KMI’s Acquisition of El Paso Corporation
 
On October 16, 2011, we and El Paso Corporation (NYSE: EP) announced a definitive agreement whereby we will acquire all of the outstanding shares of El Paso Corporation.  EP owns North America’s largest interstate natural gas pipeline system, one of North America’s largest independent exploration and production companies and an emerging midstream business. EP also owns a 42 percent limited partner interest and the 2 percent general partner interest in El Paso Pipeline Partners, L.P.( NYSE:EPB). The combined enterprise, including the associated master limited partnerships, KMP and EPB, will represent the largest natural gas pipeline network in the United States, the largest independent transporter of petroleum products in the United States, the largest transporter of CO2 in the United States, the second largest oil producer in Texas and the largest independent terminal owner/operator in the United States.
 
The total purchase price, including the assumption of debt outstanding at EP and the debt outstanding at El Paso Partners, L.P., is expected to be approximately $38 billion. Under the terms of the transaction, the consideration to be received by the EP shareholders is valued at $26.87 per EP share based on KMI’s closing price as of October 14, 2011, representing a 47 percent premium to the 20-day average closing price of EP common shares and a 37 percent premium over the closing price of EP common shares on October 14, 2011. The offer is comprised of $14.65 in cash, 0.4187 KMI Class P shares (valued at $11.26 per EP share) and 0.640 KMI warrants (valued at $0.96 per EP share) based on KMI’s closing price on October 14, 2011. The warrants will have an exercise price of $40 and a five-year term.
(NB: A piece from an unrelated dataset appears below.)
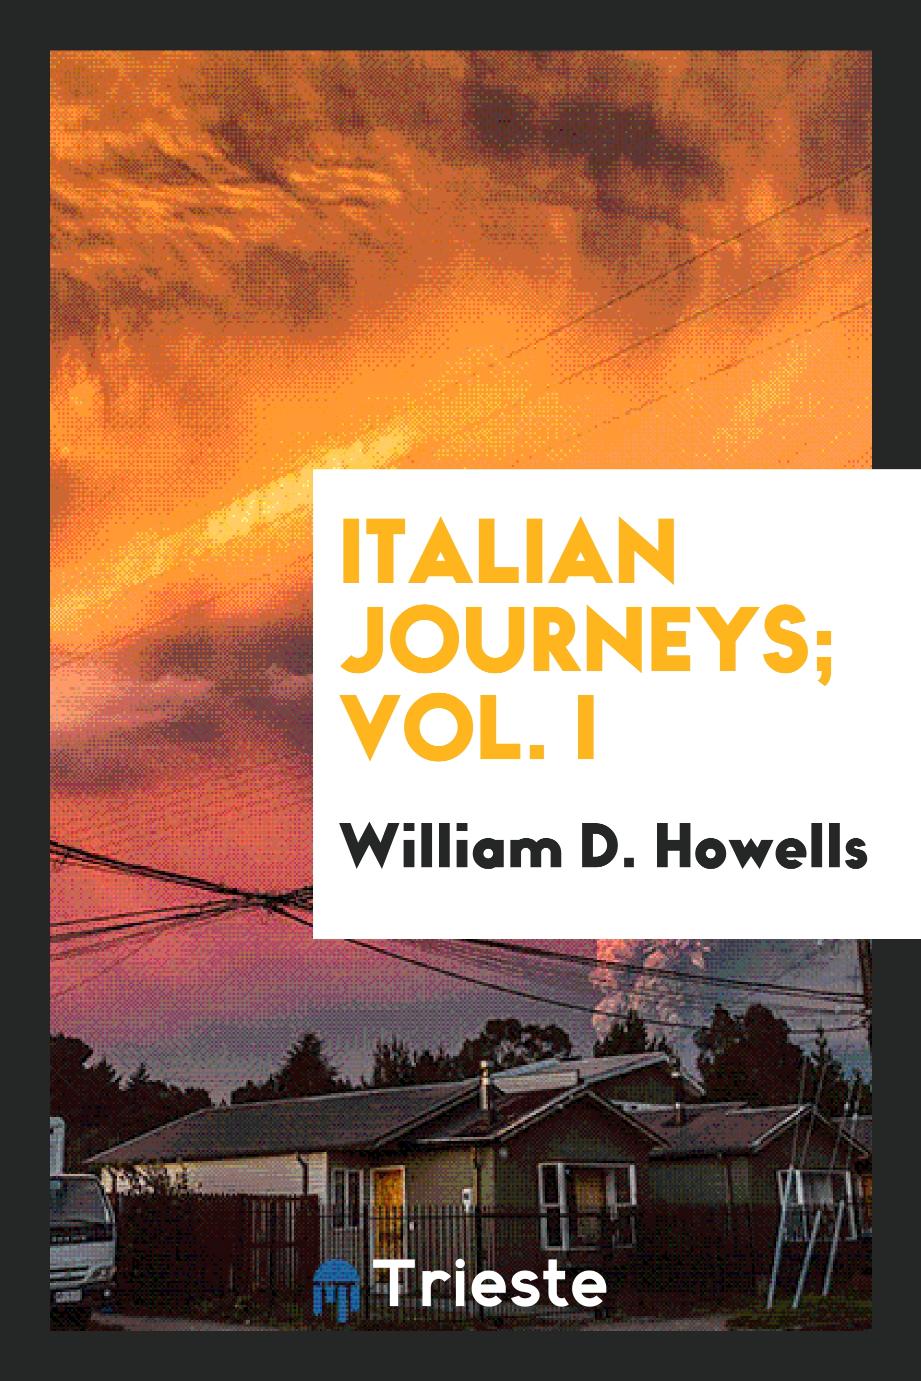 Italian journeys; Vol. I

EP shareholders will be able to elect, for each EP share held, either (i) $25.91 in cash, (ii) 0.9635 KMI Class P shares, or (iii) $14.65 in cash plus 0.4187 KMI Class P shares. All elections will be subject to proration and in all cases EP shareholders will receive 0.640 KMI warrants per share of EP common stock.
 
The transaction has been approved by each company’s board of directors. We have firm commitments for the full amount of cash required for the transaction from a syndicate of banks. Prior to closing, the transaction will require approval of both KMI and EP shareholders. The transaction is expected to close in the second quarter of 2012 and is subject to customary regulatory approvals.
 
KMP Acquisition of SouthTex Treaters
 
On October 24, 2011, KMP announced that it had signed a definitive purchase and sale agreement to acquire the natural gas treating assets of SouthTex Treaters for approximately $155.0 million in cash.  SouthTex Treaters is a leading manufacturer, designer and fabricator of natural gas treating plants that are used to remove impurities (carbon dioxide and hydrogen sulfide) from natural gas before it is delivered into gathering systems and transmission pipelines to ensure that it meets pipeline quality specifications.  The acquisition complements and expands KMP’s existing natural gas treating business, and all of the acquired operations will be included in the Natural Gas Pipelines - KMP business segment.  The transaction is expected to close in the fourth quarter of 2011, and KMP will then also assign the total purchase price to assets acquired and liabilities assumed.